In the remainder of this section, we focus on N-HCD relocation, since
the packet loss issue is well known. To maximize the generality, the
problem is modeled as link switching which entails change of N-HCD.
Cellular radio handover is a particular case of link switching. To
avoid full header restart, N-context information must be transferred
from the original N-HCD to the new N-HCD, to jumpstart the process at
the new N-HCD. The header compression scheme must be such that it can
handle that context information transfer without being disrupted. The
basic idea is that the old N-HCD takes a snapshot of its N-context
information and transfers it to the new N-HCD. When the mobile terminal
resumes communication after link switching, the new N-HCD will use the
transferred N-contexts to resume the compression/decompression. The
next section outlines the main challenges or pitfalls to overcome when
the contexts are transferred from the old N-HCD to the new N-HCD.

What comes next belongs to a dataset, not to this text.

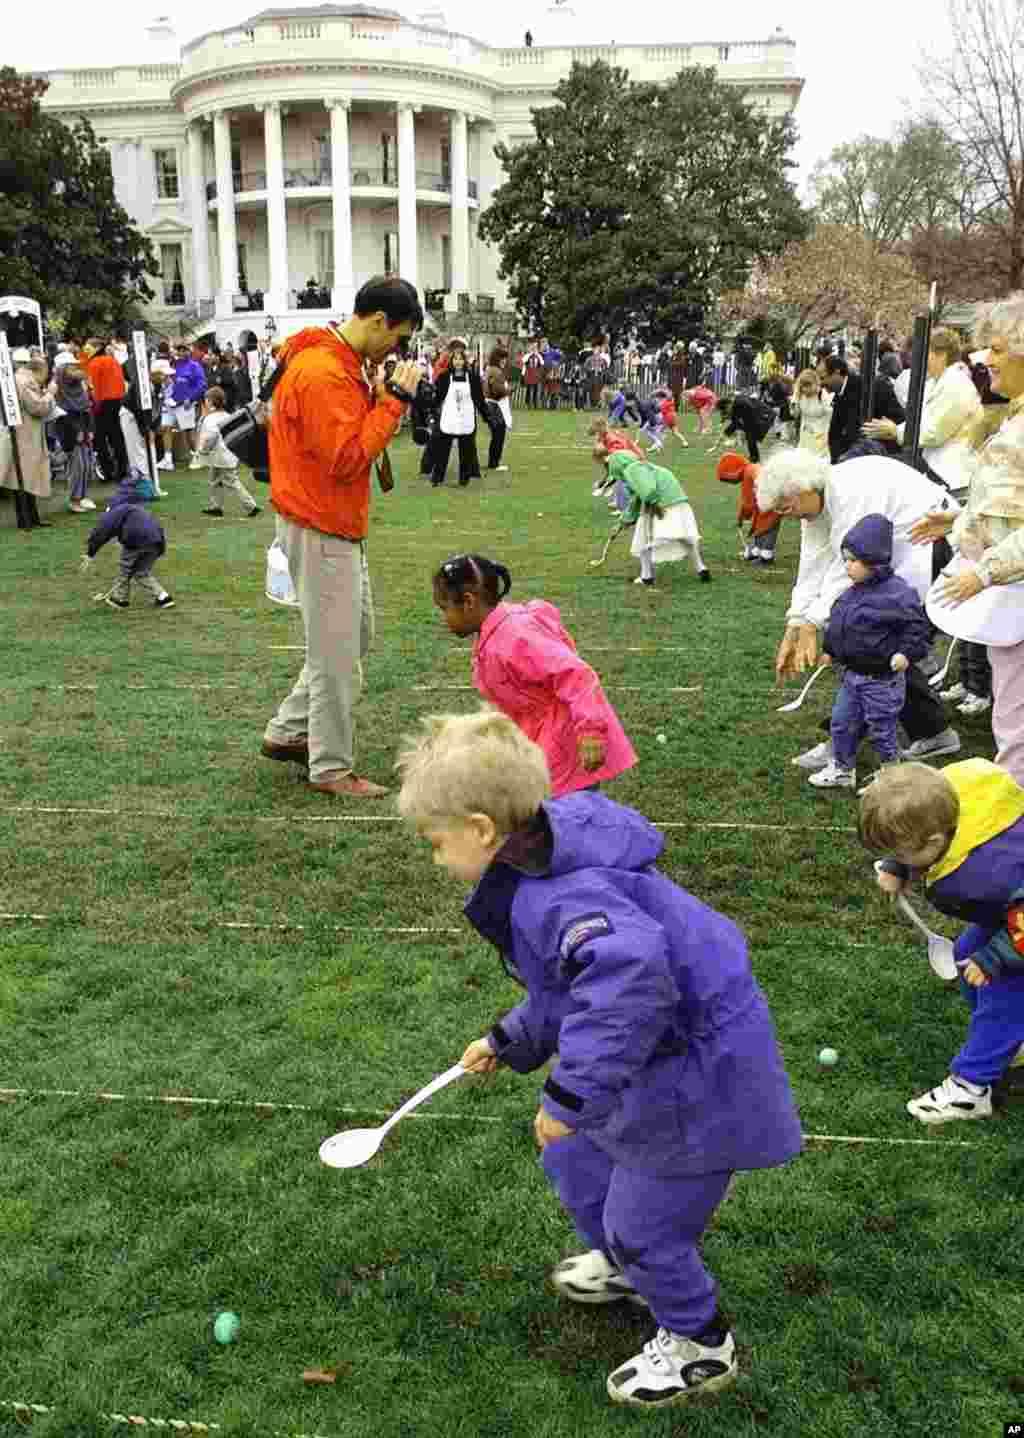 En EEUU, sólo las dos guerras mundiales, y en alguna ocasión el mal tiempo, han impedido que los niños de todo el país correteen por los huevos de Pascua en el jardín de la Casa Blanca.

X.1. Challenges of context transfer
X.1.1. Stale context
There is some elapsed time between T1, the time when the old N-HCD
takes a snapshot of its context for transfer to the new N-HCD, and T2,
the time when the new N-HCD starts to use the contexts. Between T1 and
T2, the old N-HCD and M-HCD may have continued to exchange traffic on
the old link. The old N-HCD may have updated its compression context,
and the M-HCD updated its decompression context accordingly to stay in
synchronization. In the same fashion, the M-HCD may have updated its
compression context, and the N-HCD updated its decompression context
accordingly. When that happens, the N-contexts used by the new N-HCD
may be out of sync with the M-contexts, and consequently, decompression
is incorrect. In particular, the modes have to be in sync after handover.
The stale context problem may or may not exist, depending
on the radio link technology.
X.1.2. Skew of timer
The current value of S_timer and R_timer (CURR_TIME) are part of
the context transferred from the old N-HCD to the new N-HCD, so the new N-HCD can
initialize its timer with the transferred values. The
transfer latency time may create a skew in the calculation of the
elapsed time for the first few headers compressed or decompressed by
the new N-HCD, since that elapsed time is the difference between two
arrival times measured by two different timers (one, a_i at the new N-HCD,
and the other, a_ref at the old N-HCD).
The skew may or may not be a problem, depending on the magnitude of T_transfer.
X.2. Assumptions
The following assumptions are made
- Network-based Link Switching Controller (N-LSC) is a network
entity that decides whether a link switching has to be performed;
N-LSC interacts with the Mobile-based Link Switching Controller
(M-LSC), located in the mobile terminal, to carry out the link
switching.
- N-LSC is functionally separate from N-HCD, but there is a means
for the N-LSC to exchange information with the N-HCD
- There is a means to transport information between the old N-HCD
and new N-HCD
Two schemes are described next:
1) Relocation-concurrent-with-Link-Switching and
2) Relocation-deferred-after-Link-Switching
X.3. Relocation-concurrent-with-Link-Switching (RCLS)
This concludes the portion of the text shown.